In 1868, two thousand copies of a book called Little Women were printed.
It sold like hotcakes.
Demand for the book was so high the publisher could not keep up, leading him to plead with its author, Louisa May Alcott, to write a second volume.
Just months later, in 1869, Good Wives was published.
The two volumes together constitute what we know as Little Women, which celebrates its 150th birthday this year.
Anniversaries being great excuses, perhaps this is a good time to dust off your old volume and give it a re-read, or pick up one of the dozens of editions available and read it for the first time, for this is one of the most successful, iconic American novels.
I first read Little Women at around age 10 I suppose. And to be honest, it was never my cup of tea, unlike my sister, who has told me she read it, then turned right around and read it again, and then immediately read it a third time. I’ve never been a girly-girl, and even Jo’s wild aversion to the ladylike standards of her day did not quite go far enough to reel me in, I’m afraid.
Interestingly, the book is still published as two separate volumes in the UK and I understand that many girls there read only the first half of what is one hefty book. Perhaps if that were the case in the U.S., I might have fallen in love with the story before all of the Fallings in Love and Donnings of Mature Womanhood in the second half squelched my 10-year-old enthusiasm!
At any rate, I decided to pick up this novel again and give it another shot.
And of course, as with any childhood read, I realized I’d mostly forgotten all but the splashy plot points.
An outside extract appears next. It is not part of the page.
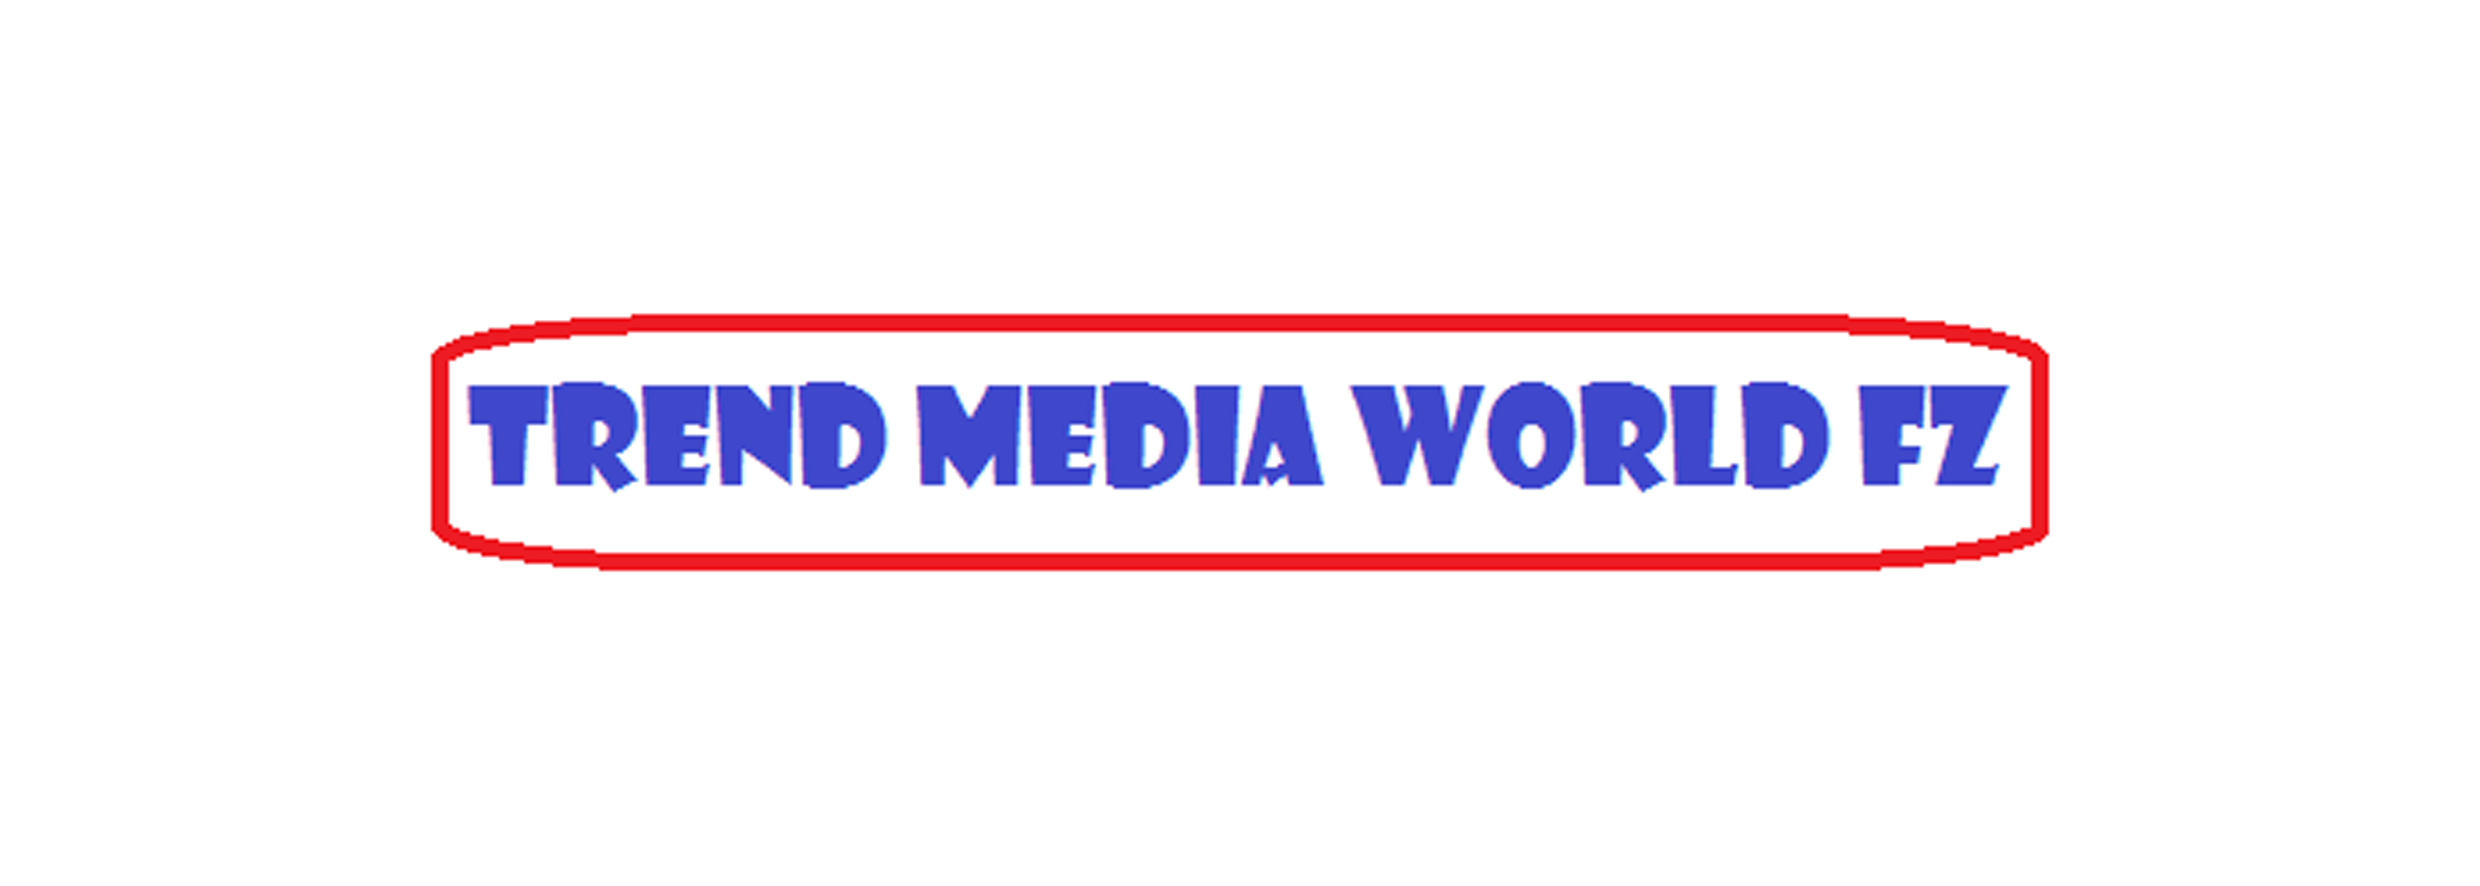 Trend Media World
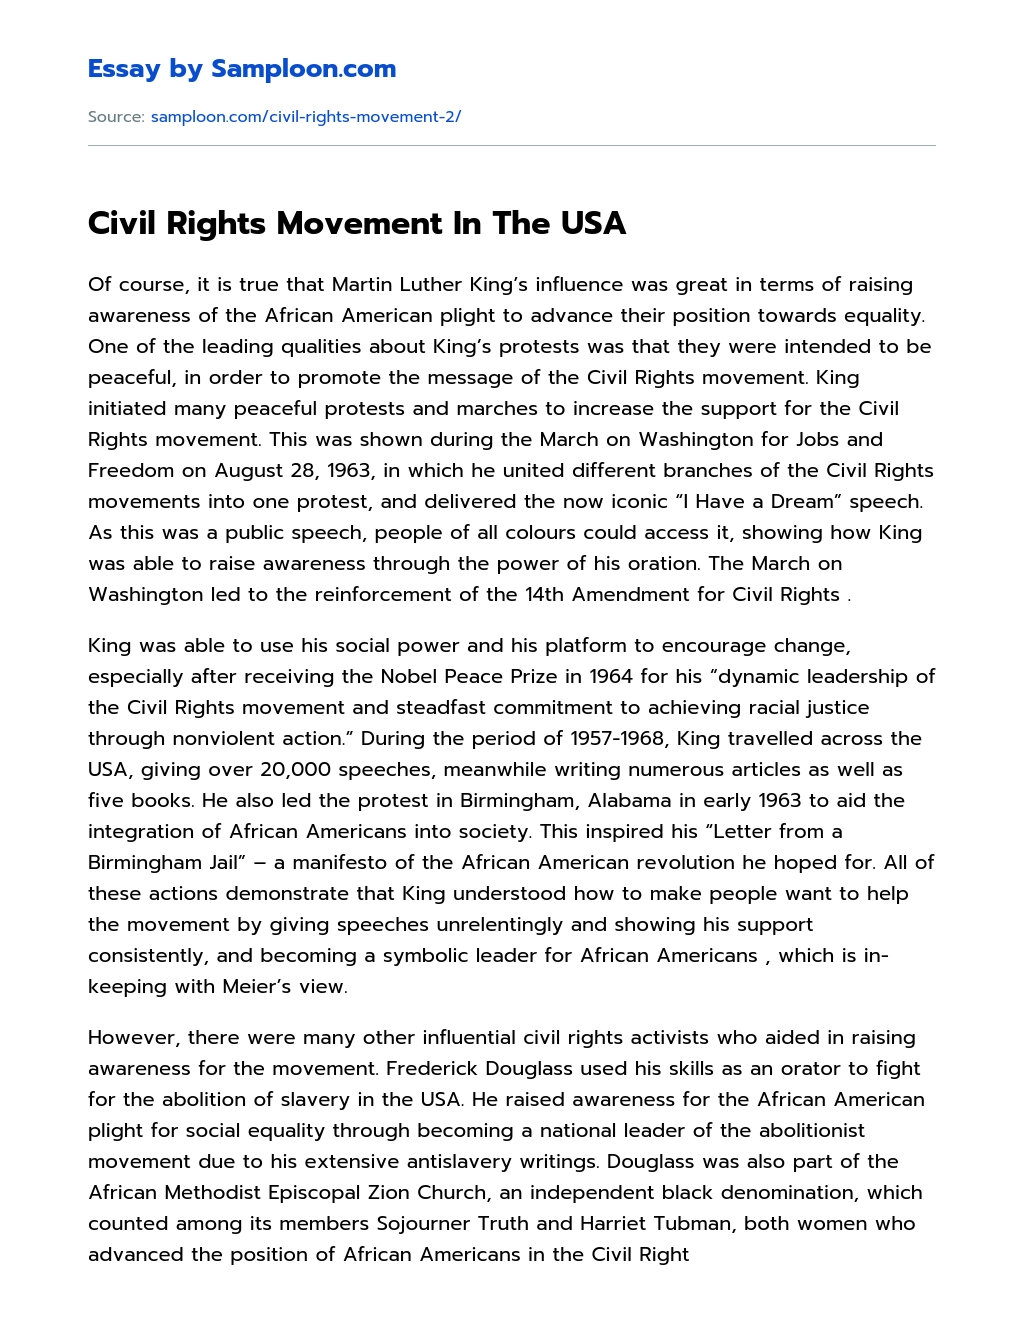 Civil Rights Movement In The USA essay

The tone, style, and what I’d call turmoil of the narrator’s voice as she wrestles with the proper way to be a woman in this world — all of that read quite differently to me at this stage of life and in the present state of society.
At least, it read differently thanks in large part to some background reading I’d done.
Learning how Alcott came to write the book, how dramatically new its content was in its day, and how Alcott was imposed upon by her publisher to alter the story she wanted to tell, helped me be more forbearing towards aspects of the narrative which did still grate on my nerves, helped me see beyond portions that seemed to regale the so-called womanly virtues of deference and softness,
helped me shrug off passages I found overly didactic, precious, or sentimental.
I was better able to appreciate the wrangling conflict surrounding and within
Jo as she maintains her fierce independence, her dreams of being a first-rate writer, her withering disdain for all the false pretense, ridiculous apparel and restrictive manners expected of women,
yet seeks to honor her mother and sisters and their versions of life.
Throughout the book this time around, I felt caught in a tug-of-war, variously frustrated by and appreciative of this extraordinary portrait of traditional versus progressive women’s roles.
I read much of that background in a companion book published last year — Meg, Jo, Beth, Amy: The Story of Little Women and Why it Still Matters.
Author Anne Rioux provides us with the social context for women authors in Alcott’s day, a biographical sketch of Alcott’s unique childhood, family life, and struggles which underlie the entire novel, a comparison to other popular lit of the era so we understand how groundbreaking and wildly successful this novel was, and a fascinating account of how the first and second volumes came to be published.
She also traces the proliferation of editions and films, its astonishing impact in particular on a surprising, vast host of great writers, and addresses a number of potent questions about the feminist message of Little Women.
You won’t agree with every one of the author’s opinions, but I guarantee you will engage with the novel differently after reading her analysis.
If I were in charge of a book club for women or girls ages 13 and up, I’d read Rioux’s book alongside Little Women for some lively discussions.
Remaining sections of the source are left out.